So in the news this week. There is a trade deal between the United States of America and the United Kingdom. There is a renewed accord between Russia and China on the anniversary of the end of the Second World War. There is a new Pope in Rome. The cast of characters: Donald Trump, Keir Starmer, Xi Jinping, Vladimir Putin, with a thousand loyal party men, a hundred cardinals and Lord Mandelson in attendance.

If we put this all into the longest possible historical context — short of Robin Fox’s suggestion that we are still Palaeolithic man and short of the Weinsteins’ suggestion that we need A Hunter-Gatherer’s Guide to the 20th century — then we have to refer back to the history than began with St Peter.

Everything that divides East and West comes down to three historical accidents. The first is that St Peter was martyred in Rome (c. AD 68), the capital of the Roman Empire. The second historical accident is that Constantine adopted Christianity for his cause at the Battle of Milvian Bridge (312) and then adopted it for the empire when he became emperor. The third historical accident is that Constantine moved his capital to Byzantion in the East (330) and thus created the astonishing situation in which Rome was not the centre of Rome and, a few centuries later, that Rome the city was not even part of Rome the empire.

These historical accidents have vast salience in May 2025.

Why? For a very simple reason.

No Papacy, no states.

The world until, let’s say, Pope Gelasius (d. 496), was a world of empires, where an empire was, as I said recently, a cancerous entity: an entity that was fluid, in the sense that it had frontiers, not borders, and was solipsistic, in the sense that it recognised the right of no other ruling order to exist.
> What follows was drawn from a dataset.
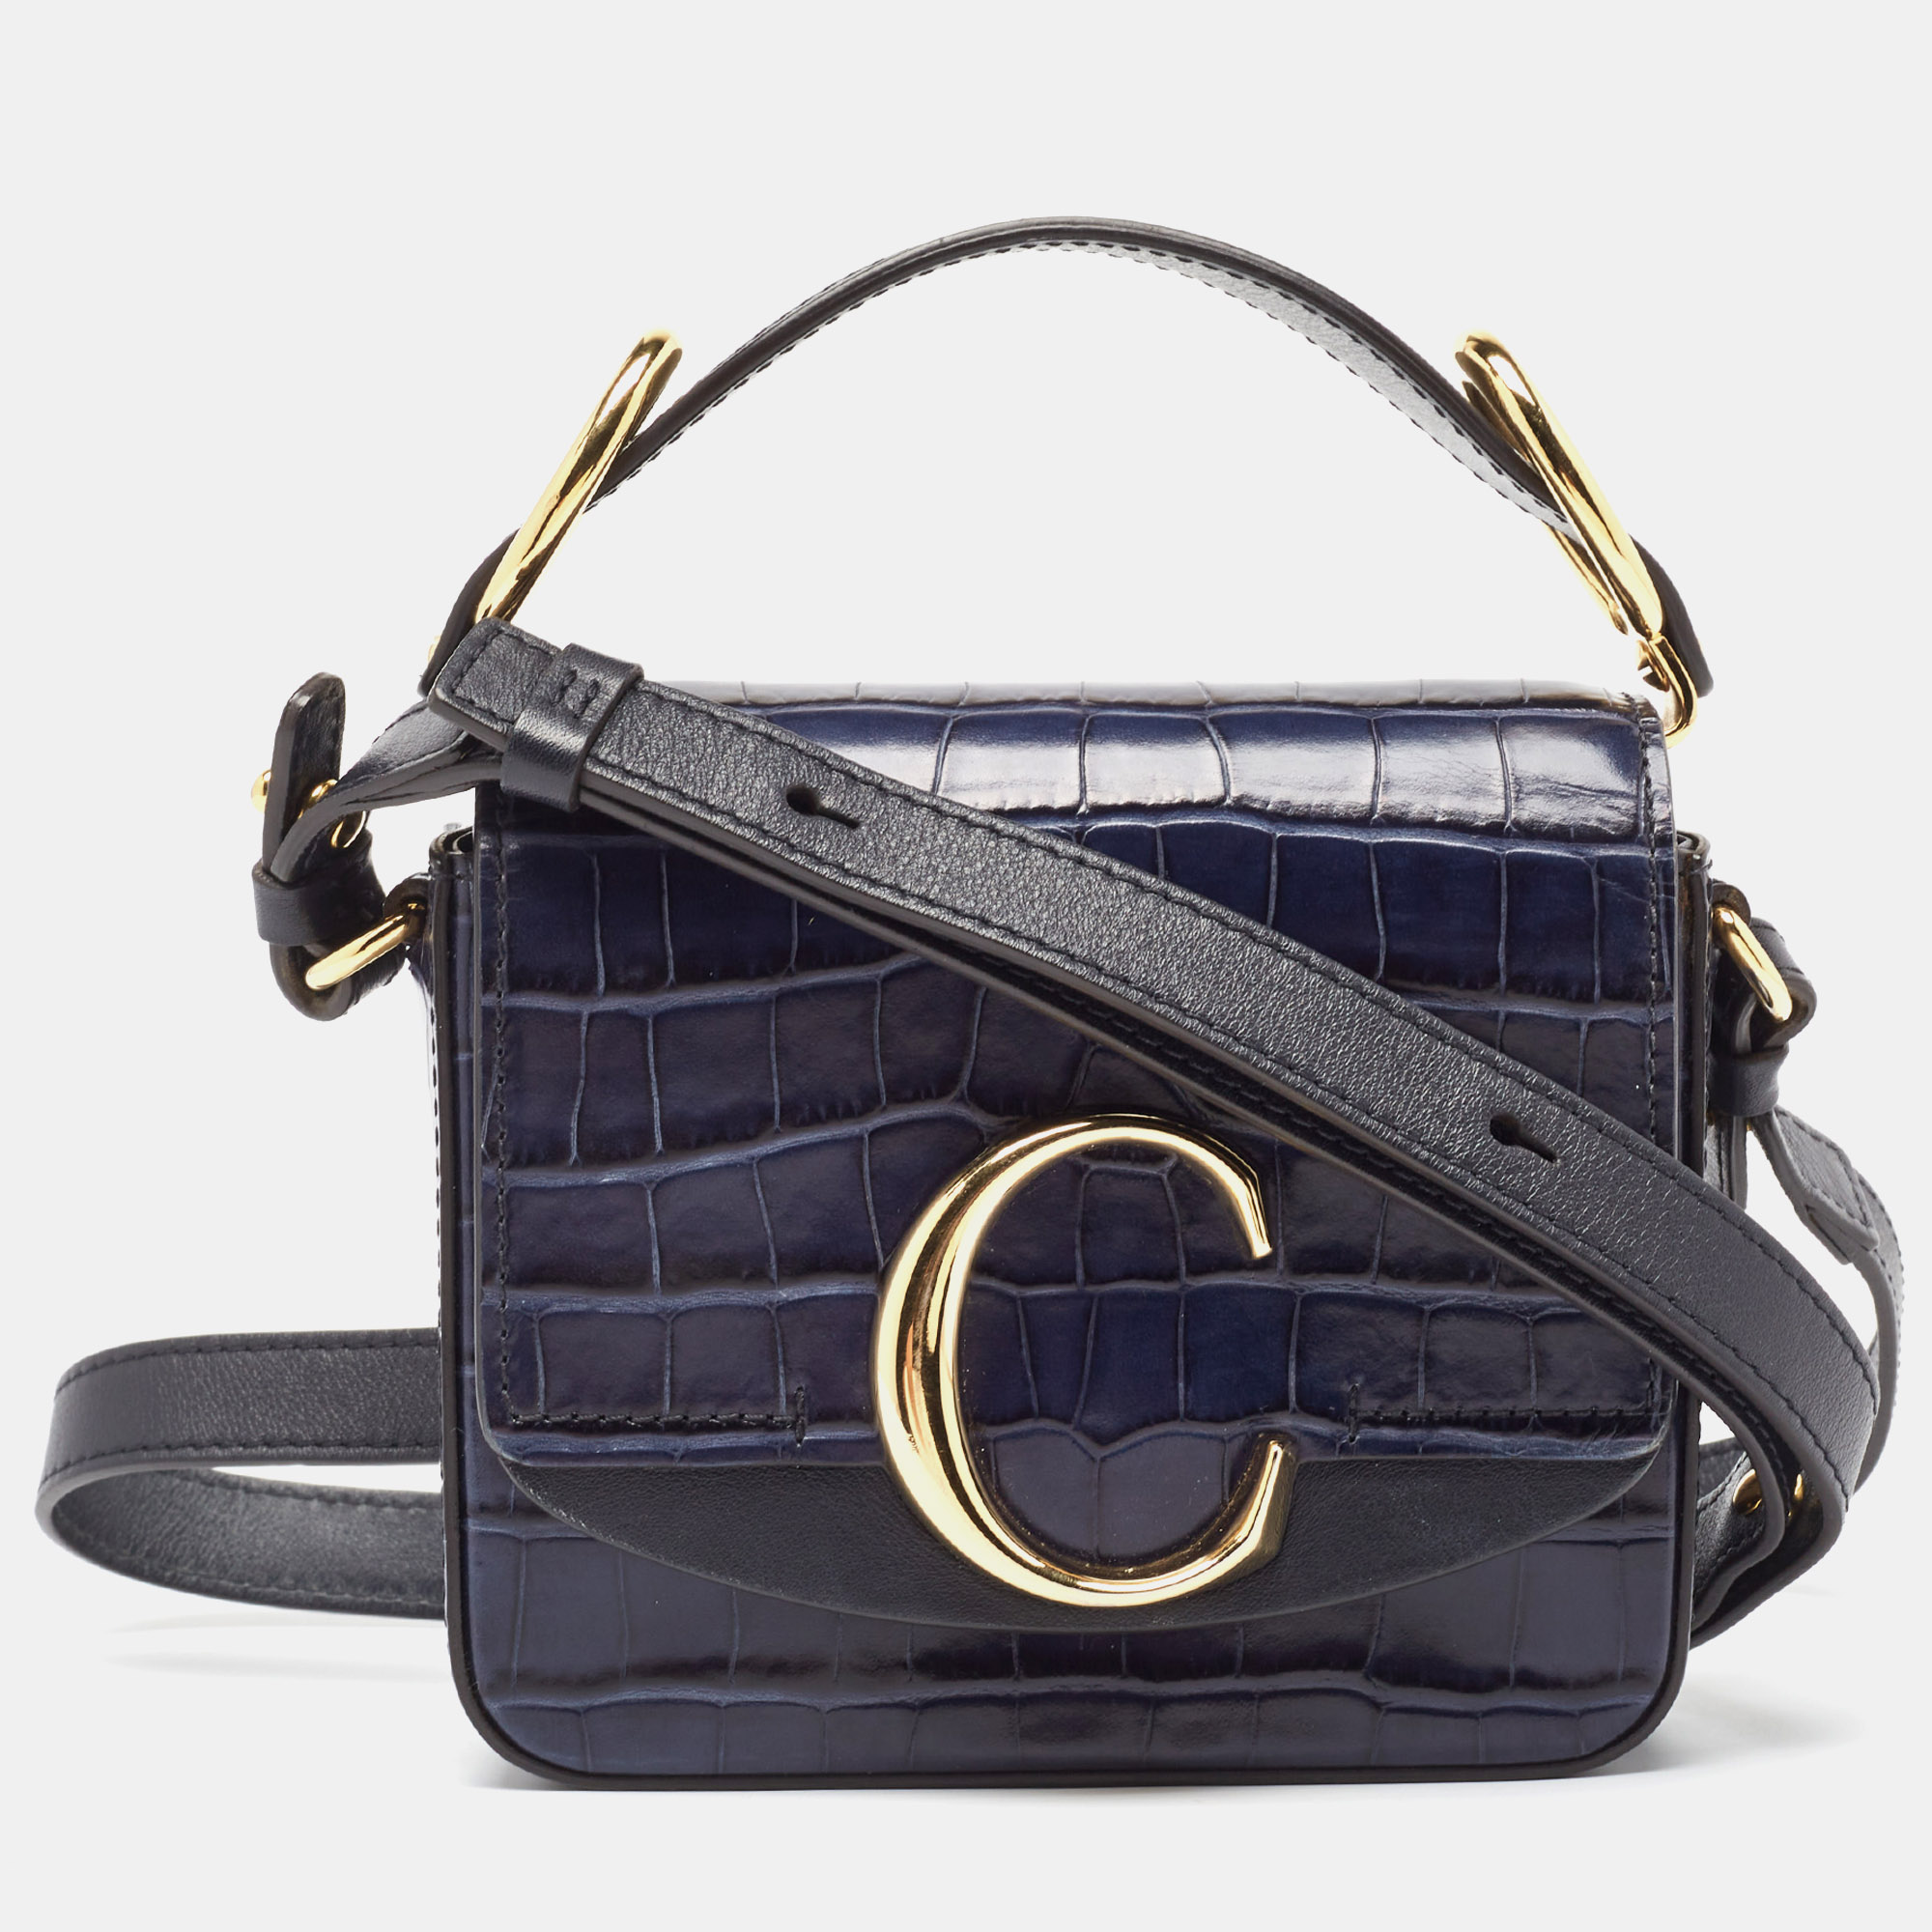 Chloe navy blue croc embossed leather mini c top handle bag

It recognised other empires de facto but not de iure. If Sargon the Great could conquer you, he would. Ditto for Rameses, Xerxes, Alexander, Caesar, Attila, Charlemagne, Genghis, Tamerlane, Suleyman, Napoleon, Hitler, Stalin. Actually, those last three were in breach of strict order: which is why reactions to Napoleon, Hitler and Stalin were not simply that of fear but of moral contempt: since they breached our sense that such cancerous solipsistic activity was no longer cricket. The new cricket, since, say, 1600 had been a state cricket. Where the state was not the empire. Whereas the empire was solipsistic and expansionary, the state more or less knew its place: it could still engage in colonial activity, but only within strict limits, as established in the rising laws of peace and laws of war in Europe and, after the 19th century, the entire world. Now we live in a world of states.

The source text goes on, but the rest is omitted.